There isn’t a one number fits all for how much you should have in your emergency fund. The golden rule for emergency funds has been 3-6 months of living expenses. That way if you get laid off you have money in cash to fall back on. If your money is all in investments you’d have to sell investments to cover your daily expenses.
Use the emergency fund calculator by Money Under 30 to determine what the right number is for your emergency fund.
Another way to look at how much you need in your emergency fund is to determine how much money do you need to feel secure? If you lose your job tomorrow or have an emergency repair such as needing a new furnace or a major car repair what amount of money would make you feel secure?
What If You Don’t Have Enough Money to Fund an Emergency Fund?
The toughest time will be when you get started. If you’re starting in debt funding an emergency fund is even more daunting. Your first thought should be how you make more money. Can you start a side hustle? Make more money at your job? Secondly, look for ways to cut your spending so that you don’t accumulate more debt and put that money toward your emergency fund.

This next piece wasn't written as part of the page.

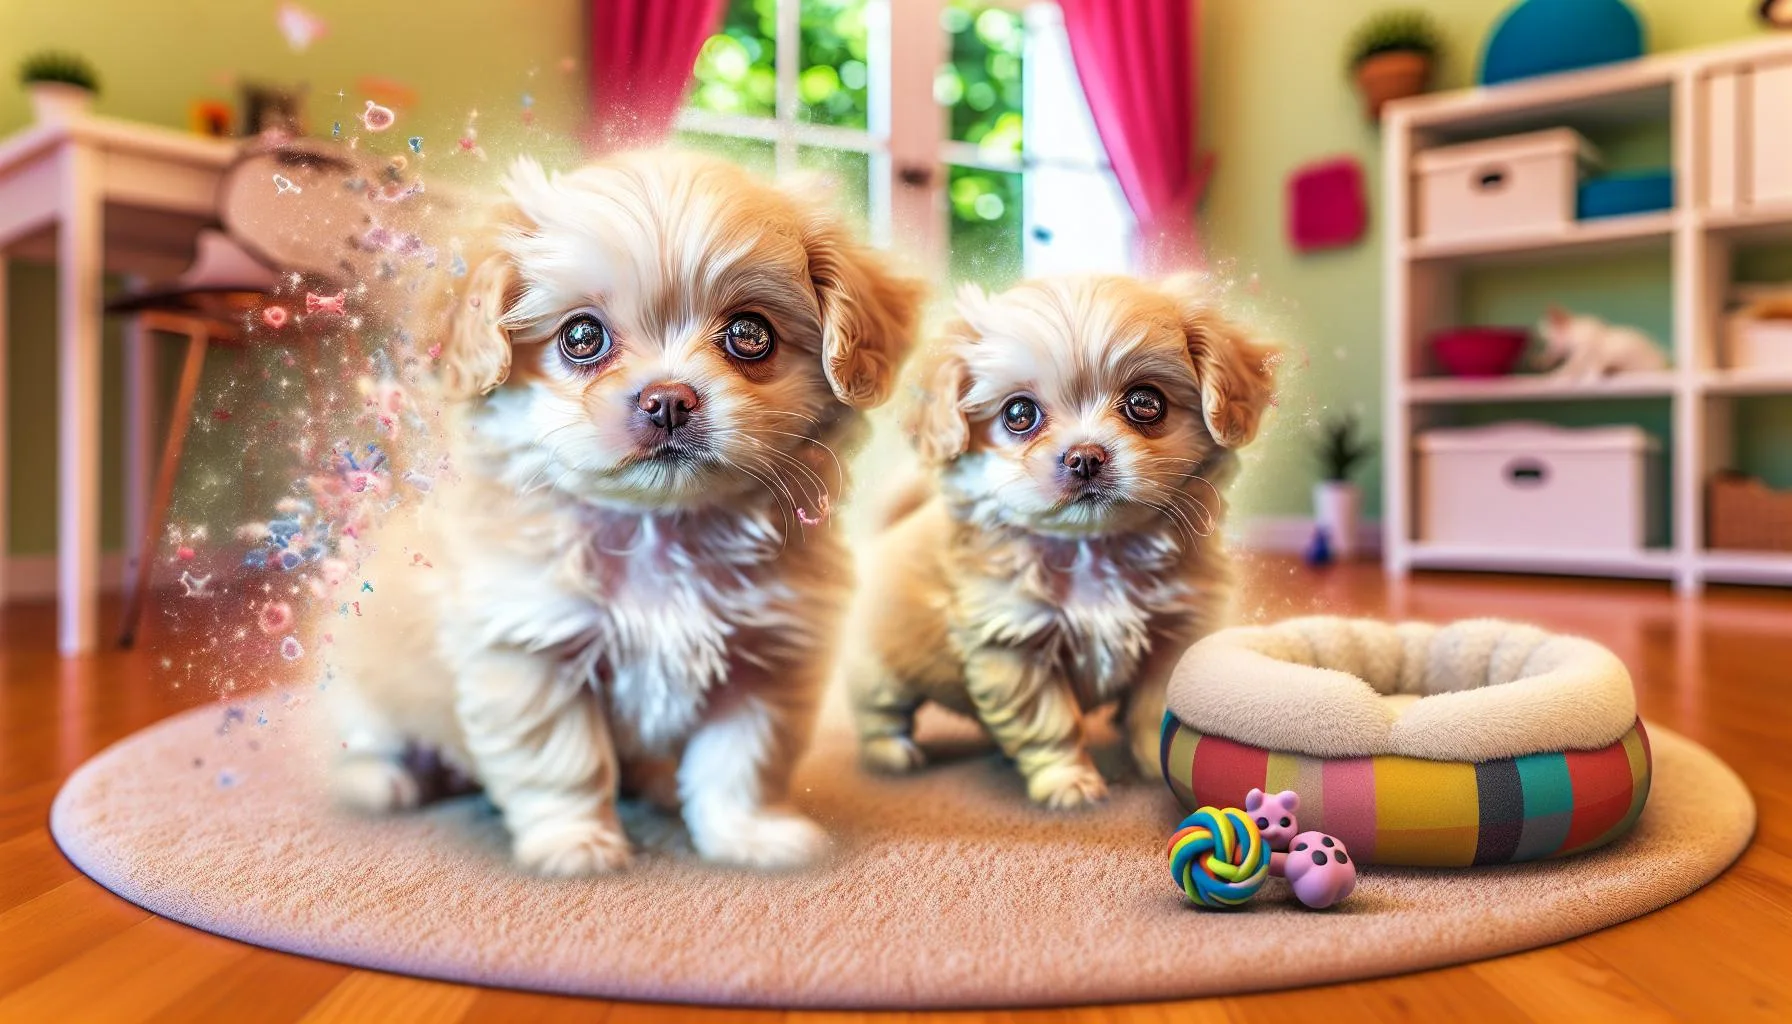  maltese mixed with chihuahua puppies Physical Characteristics of Malchi Puppies

There are always unexpected expenses that arise. If you don’t have money to fund an emergency fund that doesn’t make you immune to an emergency occurring. While you’re paying down debt, you should also contribute to your emergency fund so you don’t have to take on more debt when an emergency inevitably arises. That way, you can avoid having to take out credit card debt at 18% interest when an emergency arises.
See Also: How to Save For An Emergency Fund
Where To Keep Your Emergency Fund
The best place to put your emergency fund is somewhere where you can easily access the funds but not too accessible where you’ll spend it on something else. It’s best to have a separate account so you don’t accidentally spend it. It needs to be liquid because you need it in case of an emergency. A great place to store your funds is a high yield savings account. A high yield savings account is a great place for your emergency fund because there are usually limits as to how often you can withdraw money from a savings account and your emergency fund will at least generate some money. Nerd Wallet shares here the top 10 best high yield savings accounts.
Great article! So glad I’ve had an E.F. Over the years. Can’t stress the importance enough.